Here are the key components and concepts of the Transformer architecture:

1. **Positional Encoding**: Transformers incorporate positional encoding to provide the model with information about the order of words in the input sequence. Positional encoding is usually added to the input embeddings and allows the model to differentiate between the positions of words.

![positional_encoding](assets/positional_encoding.png)

2. **Self-Attention Mechanism**: Self-attention allows each word in the input sequence to attend to all other words. It computes the attention weight between each pair of words and uses them to generate a weighted sum of the word embeddings. This mechanism enables the model to capture long-range dependencies and learn contextual relationships effectively.

![self_attention](assets/self_attention.png)

### Pre-training and Fine-tuning of Language Models

Pre-training and fine-tuning are two key steps in the training process of language models, including Large Language Models (LLMs). 

**Pre-training**: In the pre-training phase, a language model is trained on a large corpus of unlabeled text data. During this phase, the model learns to predict missing words in sentences based on the surrounding context. It develops an understanding of language patterns, grammar, and contextual relationships. The pre-training process typically involves techniques like masked language modeling, where certain words are randomly masked and the model learns to predict them based on the remaining context.

**Fine-tuning**: After pre-training, the language model is fine-tuned on specific labeled datasets for specific downstream tasks. Fine-tuning involves training the pre-trained model on labeled data related to a particular task, such as question answering, sentiment analysis, or text classification. This process allows the model to adapt to the specific task by learning task-specific patterns and improving its performance. Fine-tuning is performed on a smaller dataset, which is typically task-specific and labeled by human experts.

In the context of Large Language Models (LLMs), the terms "pre-trained" and "fine-tuned" refer to two stages in the model development process. This two-step process offers several advantages:

- Pre-training on large-scale data helps LLMs learn from a diverse range of linguistic patterns and structures, enhancing their language understanding capabilities.
- Fine-tuning allows LLMs to adapt to specific tasks or domains, improving their performance and making them more efficient in generating desired outputs.
- Fine-tuning requires comparatively less labeled data than training from scratch, making it a practical approach when labeled data is limited.

LLMs, such as GPT-3, GPT-2, and BERT, are examples of large-scale language models that have undergone extensive pre-training and fine-tuning processes. They have been trained on vast amounts of text data and have a large number of parameters. This pre-training and fine-tuning approach allows LLMs to capture complex language patterns, generate coherent text, and perform well on a wide range of natural language processing tasks.

### Popular Large Language Models 

Popular Large Language Models (LLMs) are advanced models that have gained significant attention in the field of natural language processing. They have been trained on massive amounts of text data and have a large number of parameters, allowing them to capture complex language patterns and generate coherent text.

Here are some examples of popular LLMs:

1. **[GPT-3](https://openai.com/blog/gpt-3-apps) (Generative Pre-trained Transformer 3)**: GPT-3 is a state-of-the-art language model developed by OpenAI. It is renowned for its impressive size, consisting of 175 billion parameters. GPT-3 has been trained on a vast amount of internet text data, enabling it to understand and generate human-like text. It can perform a wide range of natural language processing tasks, including language translation, text completion, sentiment analysis, and more.
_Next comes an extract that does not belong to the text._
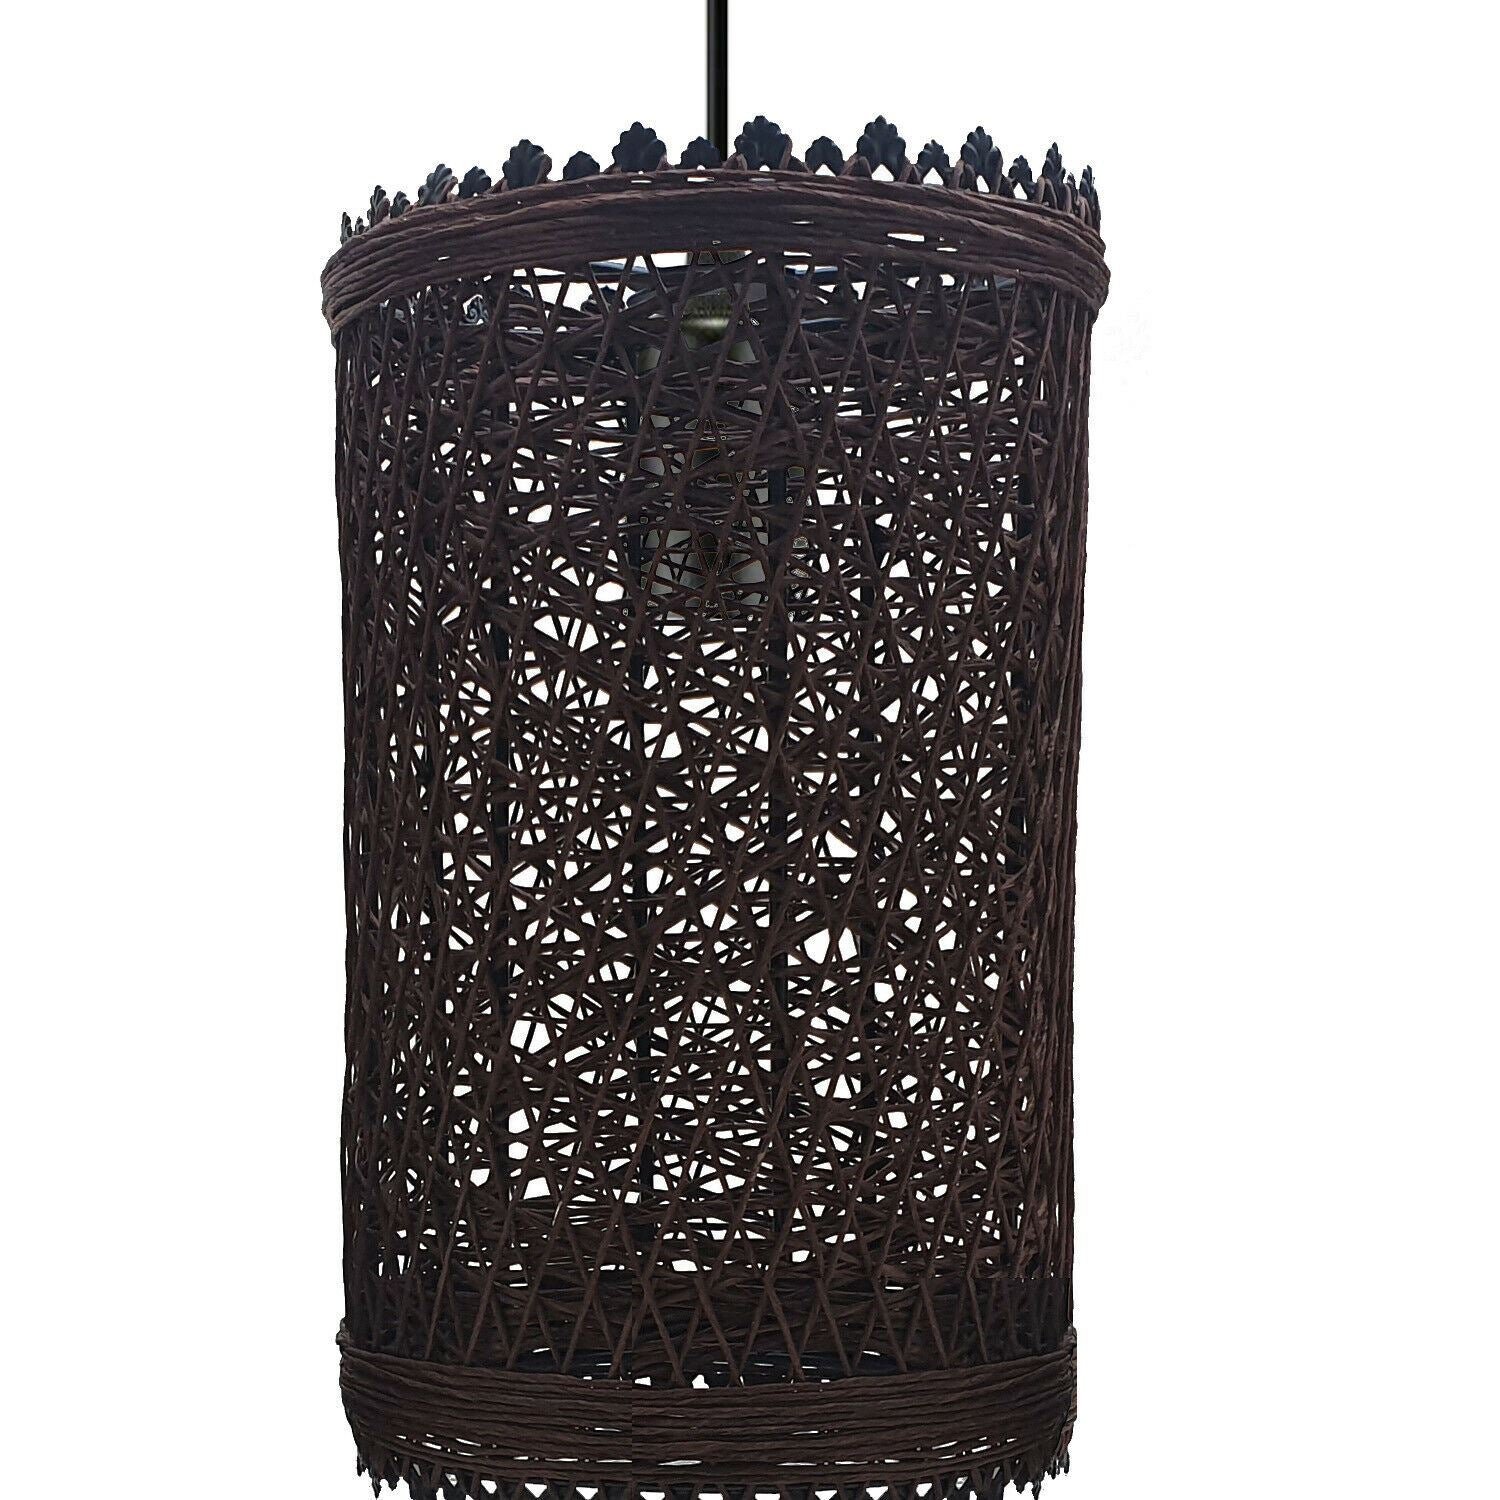 Modern Pendant Light Rattan Wicker Basket Ceiling Pendant Light Kit~1332 - LEDSone UK Ltd

GPT-3 has shown remarkable capabilities in generating coherent and contextually relevant responses, making it a powerful tool for various applications.

2. **[GPT-2](https://huggingface.co/gpt2) (Generative Pre-trained Transformer 2)**: GPT-2 is the predecessor to GPT-3, also developed by OpenAI. Although smaller in size with 1.5 billion parameters, GPT-2 still delivers impressive language generation capabilities. It has been trained on diverse internet text sources, allowing it to produce high-quality text in a variety of styles and topics. GPT-2 is widely used for tasks such as text completion, text generation, and language understanding.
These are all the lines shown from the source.